Некоторое время они молчали. Но вот после долгой паузы профессор снова заговорил:
– Рассказав вам о моей семье, я нарушил правила конспирации. Но я сделал это намеренно. Сознание, что я здесь не один, что малейшая моя оплошность может привести к гибели самых близких мне людей, воодушевляет меня, если так можно сказать, на величайшую осмотрительность. – Профессор просительно улыбнулся. – И теперь я рассчитываю, что вы будете вести себя так же осторожно. Ведь, рассказав вам о своей семье, я как бы доверил вам ее судьбу. Я знаю, что вы несколько излишне склонны к самостоятельным действиям, часто увлекаетесь, но верю: вы поняли, чем теперь я вас обязываю неуклонно продумывать каждый ваш шаг на пути к намеченной цели.
Самоотверженное решение старого чекиста потрясло Иоганна своим великодушием, проникновенной заботой и доверием – самым высоким, какое может оказать человек мужественный, сильный, безошибочно чувствующий эти же качества у своих друзей.
Гуго Лемберг снова пригласил к себе Вайса и снова принял его в кабинете отца. Иоганн заметил, что с книжных полок исчезли материалы и книги о Советском Союзе.
На этот раз Гуго был более откровенен. Он говорил о трагическом положении Германии. Сказал, что, по данным абвера, насыщенность советских войск боевой техникой в сравнении с осенью 1942 года возросла в пять-шесть раз, соответственно вырос и их боевой опыт, и что военными средствами Германия теперь войну выиграть не может.
– А какие же средства требуются, чтобы не проиграть войну? – спросил Вайс.
Гуго ответил уклончиво:
– В США существует сильная антирузвельтовская группировка, которая заинтересована в том, чтобы сохранить военный потенциал Германии как угрозу против России.
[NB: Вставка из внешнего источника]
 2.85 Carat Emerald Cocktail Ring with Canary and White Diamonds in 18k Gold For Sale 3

Но эта группировка бессильна против ненависти американцев к Гитлеру.
– А в Англии?
Гуго усмехнулся.
– В тысяча девятьсот тридцать восьмом году Черчилль заявил, что мечтает видеть во главе Англии деятеля такой силы воли и духа, как Гитлер, и теперь он боится английского народа и вынужден обуздывать стремления лидера английских фашистов.
– Ну, а каковы намерения России?
Гуго пожал плечами.
– Сталин, выражая позиция советского правительства, утверждает, что задачей Советского Союза в войне является не уничтожение Германии, но уничтожение преступного гитлеровского режима и его вдохновителей.
Вайс развел руками.
– После отдельных неудач на фронте фюрер снял с постов многих наших прославленных полководцев, – сказал Гуго. – И этим как бы возложил на генералитет ответственность за провал кампаний.
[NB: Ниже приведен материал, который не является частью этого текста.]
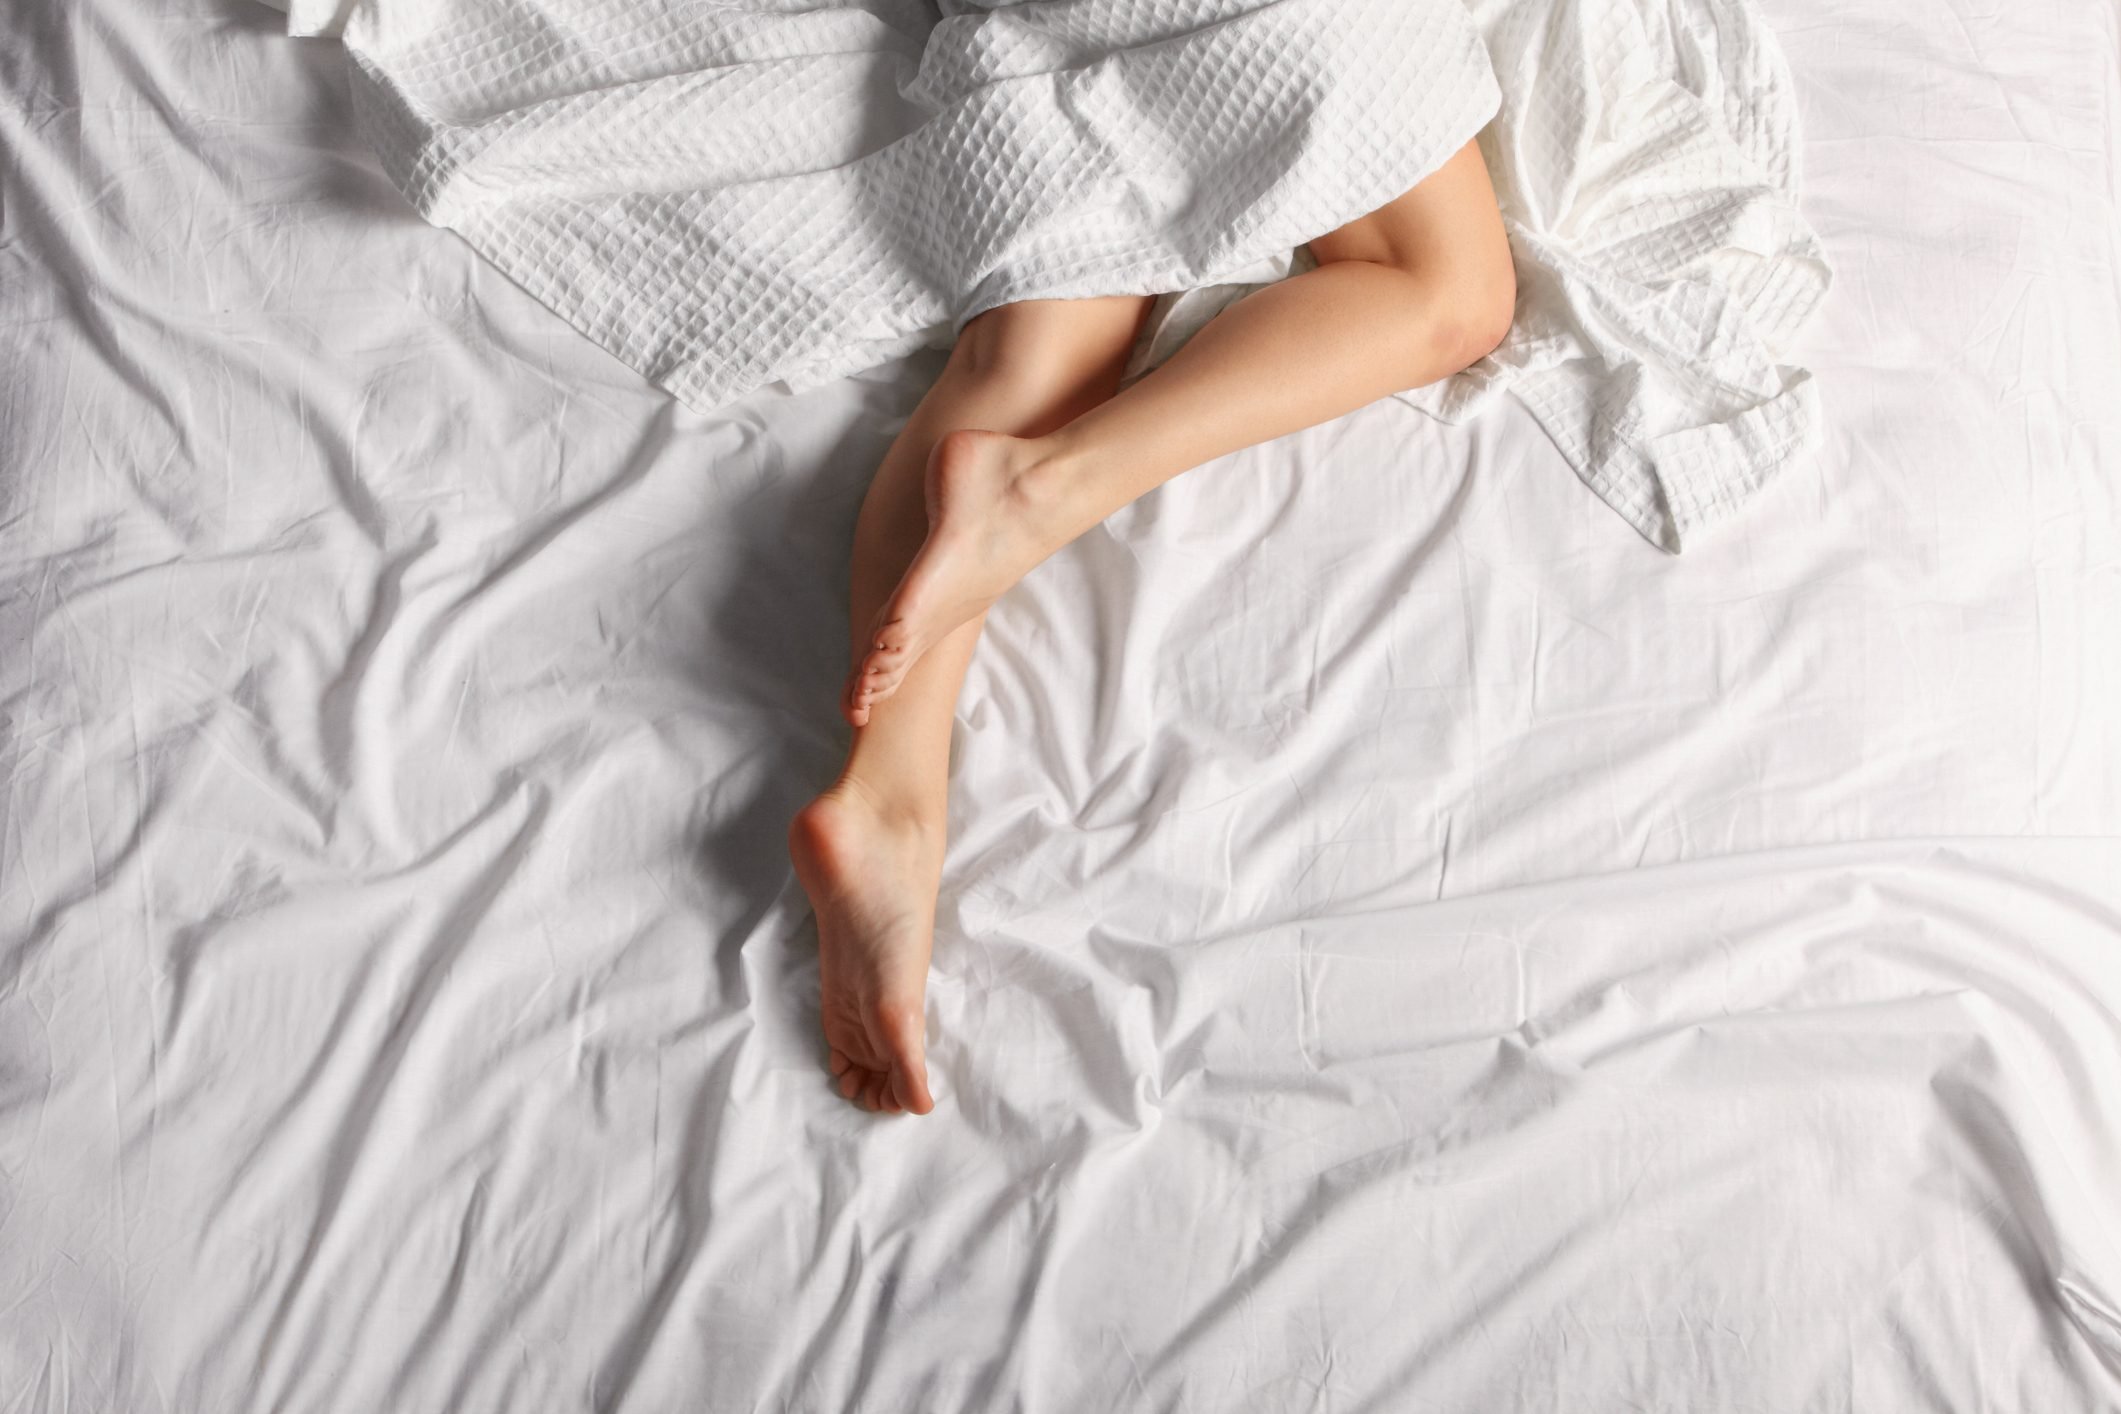 What Really Happens To Your Body If You Sleep In Your Underwear

– А теперь эти полководцы в отставке пытаются возложить на фюрера вину за военные неудачи, – ехидно заметил Вайс.
Гуго бросил на Вайса недовольный взгляд.
– Если мы потерпим поражение, то пресечь революционный мятеж во всех случаях сможет только правительство военной диктатуры, состоящее из тех же полководцев, – сказал он и добавил: – По данным СД, несомненно преуменьшающим явную опасность, выходит, что сейчас в Германии лишь пятьдесят – шестьдесят процентов населения беспрекословно подчиняется правительству. Тридцать процентов недовольны существующим режимом, но опасности не представляют. Остальные – ненадежны. Этих подвергают усиленным репрессиям или пачками отправляют на фронт. Такое соотношение политико-морального состояния населения не стабильно: оно беспрерывно ухудшается. Возможно, армии союзников и взяли бы на себя полицейские функции подавления недовольных. Но для этого армии союзников должны прийти в Германию, и прийти не ослабленными нашим сопротивлением, иначе они не сумеют выполнить свои важные функции.
Вайс спросил:
– Но ведь для того, чтобы они могли сохранить свои силы, нам придется снять армии с Западного фронта?
Гуго сказал со злостью:
– Паулюс изменнически капитулировал в Сталинграде, опозорил мундир германского офицера. Но если бы так поступил немецкий генерал на Западном фронте, это была бы акция, совершенная во имя спасения Германии от катастрофы революционного восстания.
– Значит, открыть фронт на Западе – это не измена, а услуга рейху?
– Да, если мы не хотим потерять империю. Если мы хотим спасти Германию от опасности коммунизма.
При этих словах Гуго в комнату вошел офицер, внешность которого поразила Иоганна своей строгой сосредоточенностью. Приятное лицо не портила даже черная повязка, прикрывавшая его левый глаз. Сухопарый, подтянутый. Вместо правой руки – протез в лайковой перчатке, на левой не хватало двух пальцев.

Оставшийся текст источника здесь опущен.